> [WORK REQUIRED] Your response to the data below should hold nothing except the lines from the one containing "Gretchen Carlson Sexy" down to the one containing "Infoculture marks Open", reproduced exactly and without pictures.

> [DATASET]
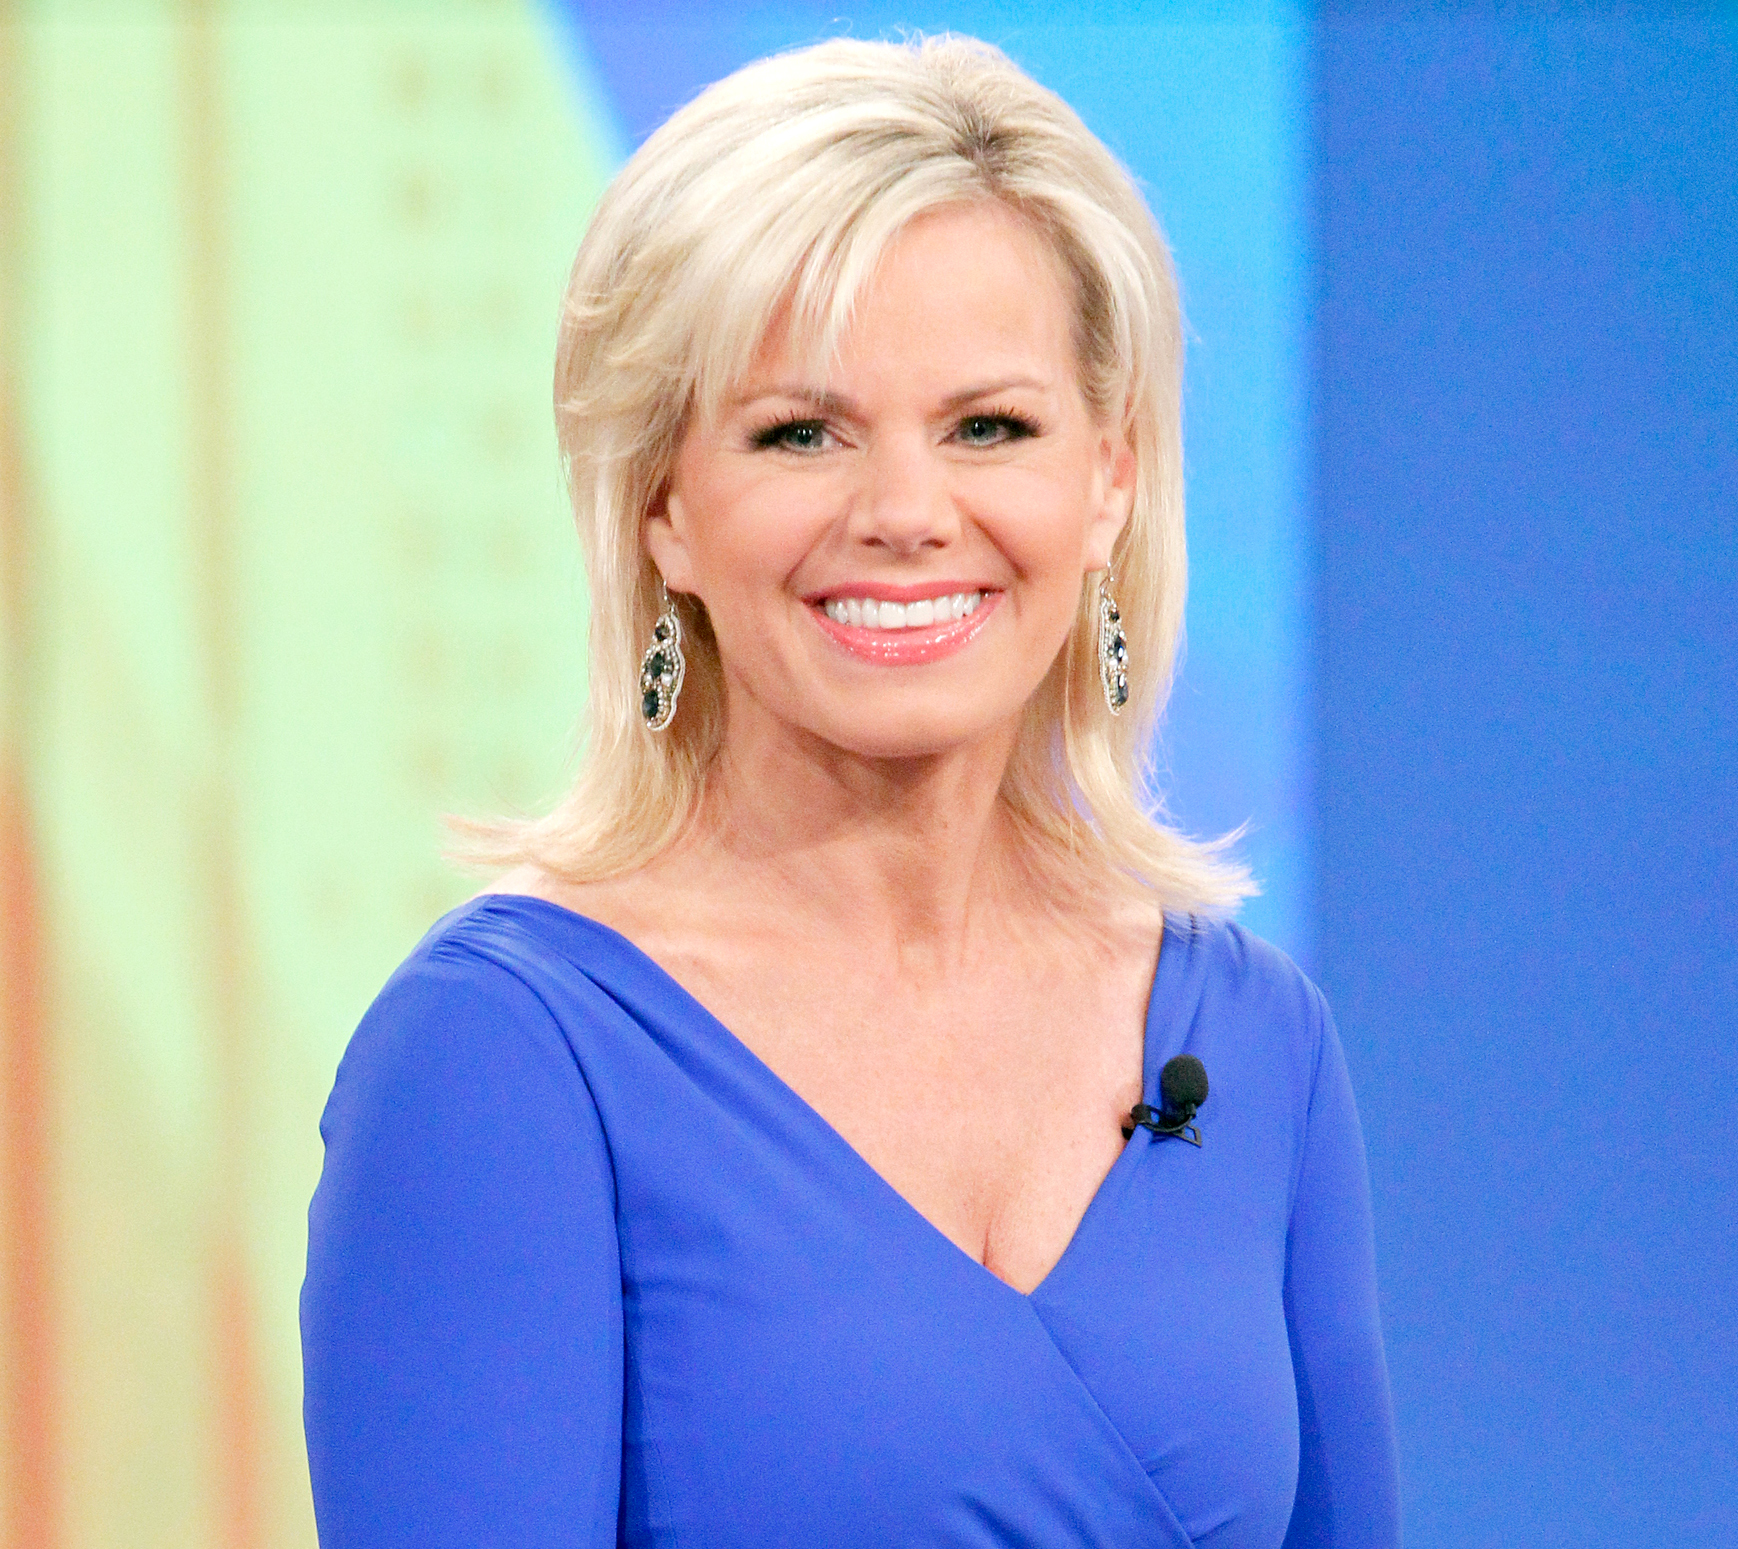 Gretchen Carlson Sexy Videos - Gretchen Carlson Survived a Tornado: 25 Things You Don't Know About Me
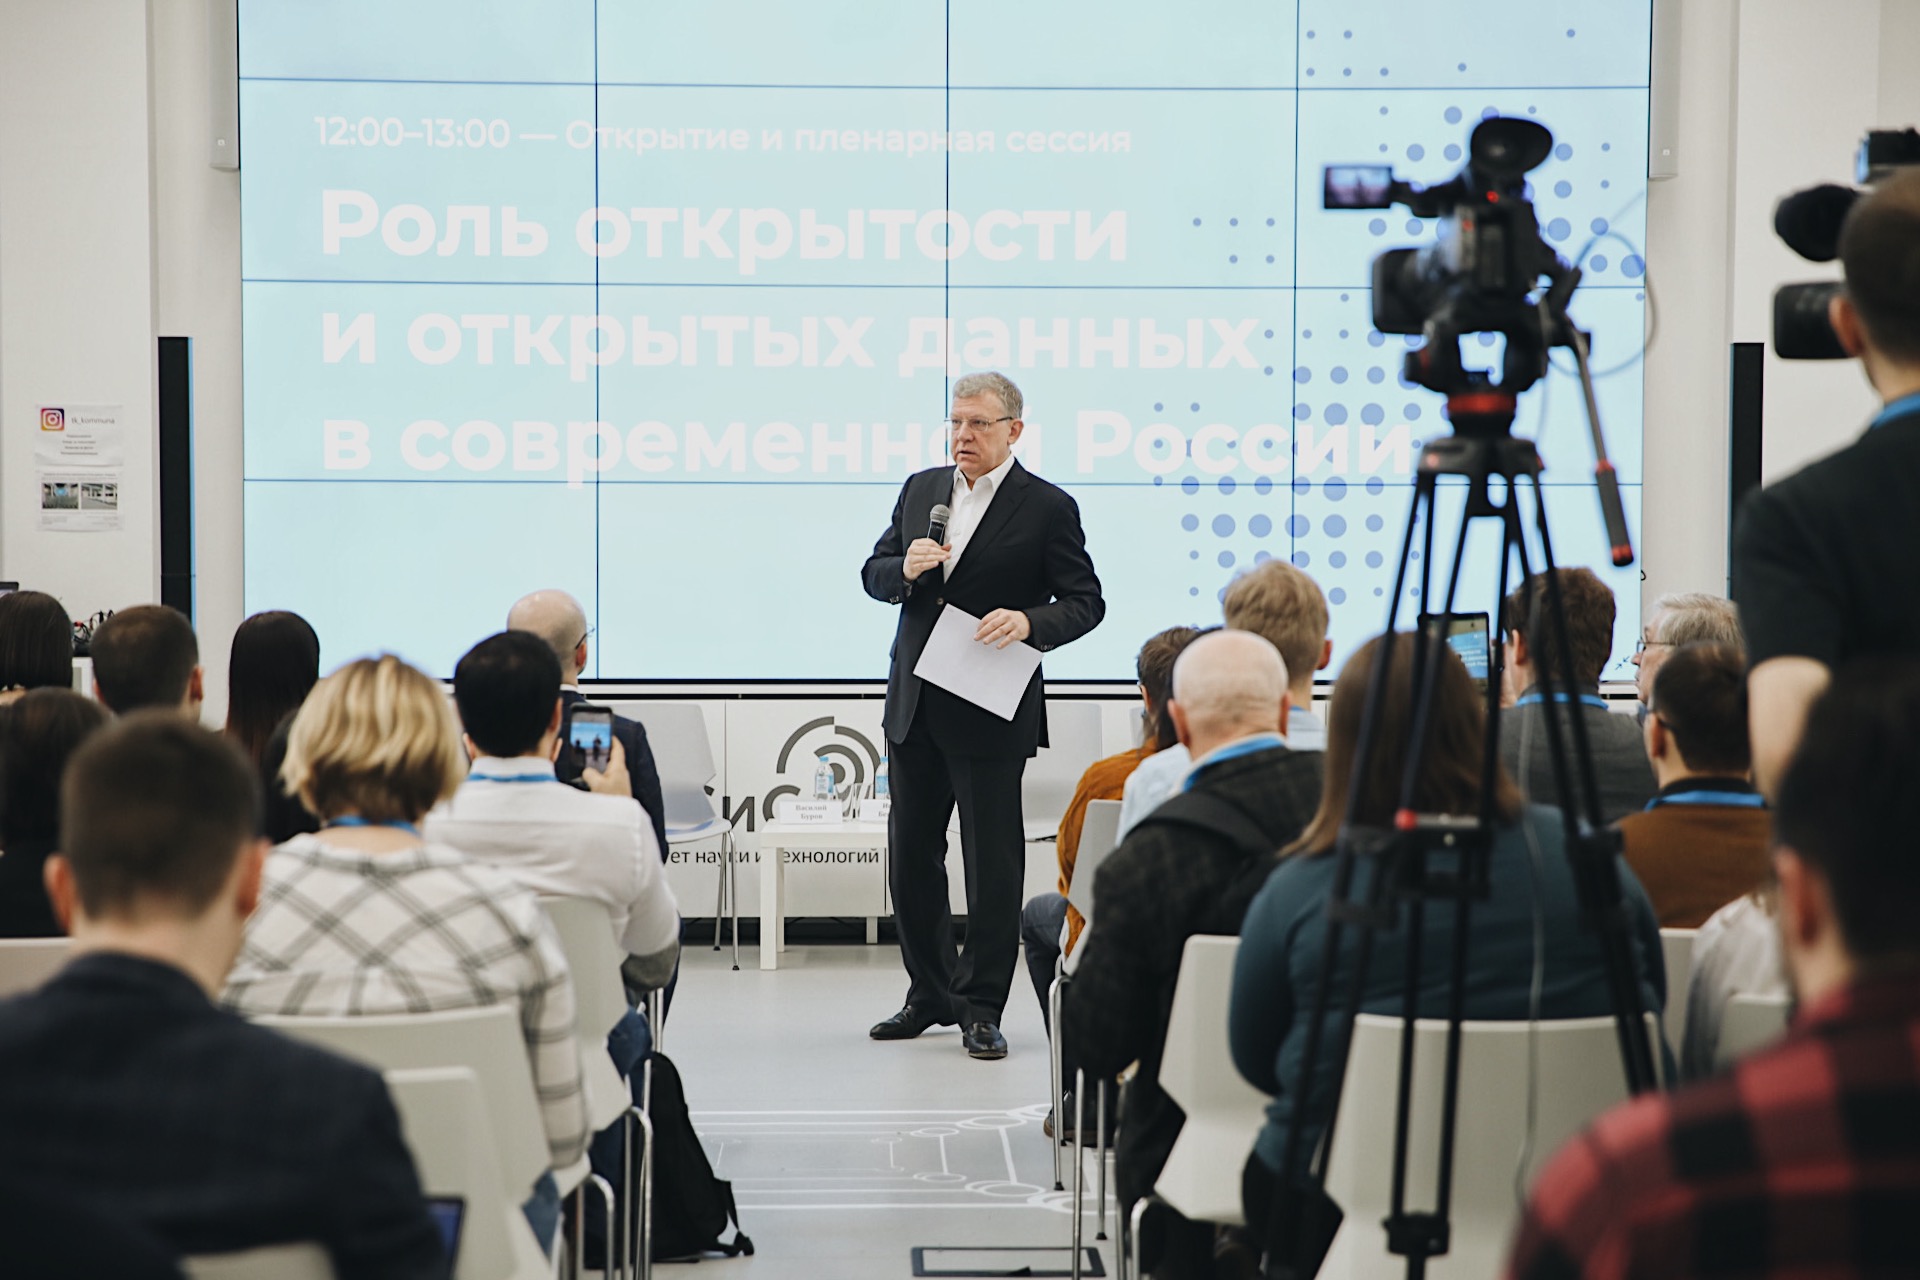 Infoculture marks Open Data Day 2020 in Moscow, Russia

==

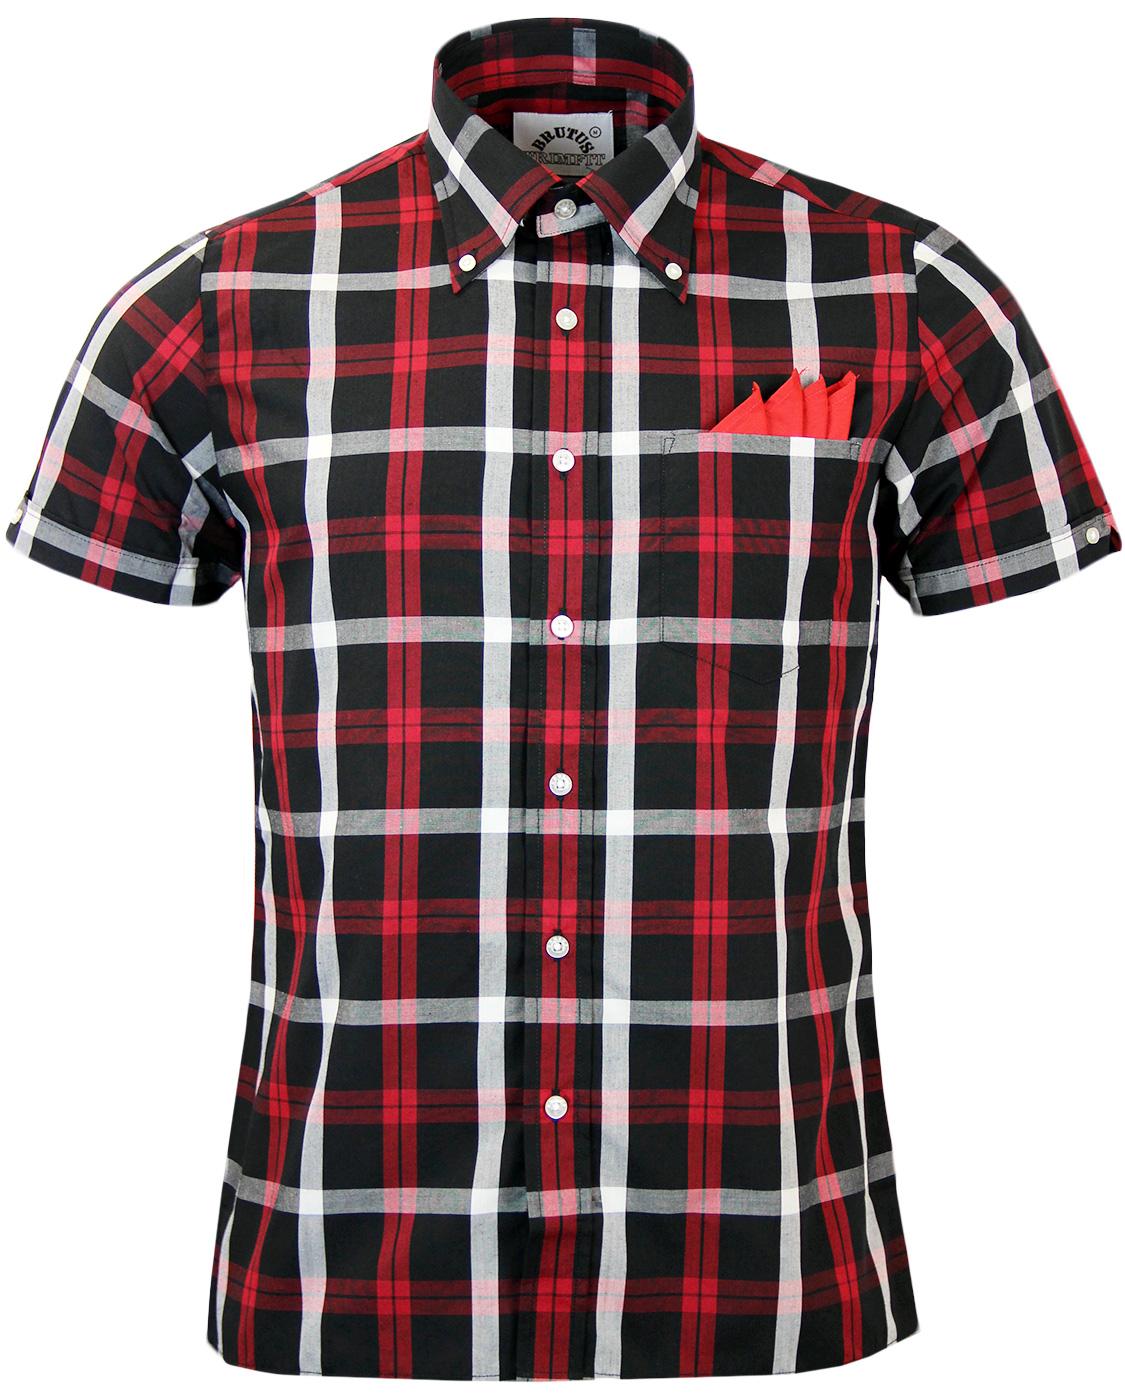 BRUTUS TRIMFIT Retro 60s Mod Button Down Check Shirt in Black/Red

> [RESPONSE TO THE EXERCISE]
 Gretchen Carlson Sexy Videos - Gretchen Carlson Survived a Tornado: 25 Things You Don't Know About Me
 Infoculture marks Open Data Day 2020 in Moscow, Russia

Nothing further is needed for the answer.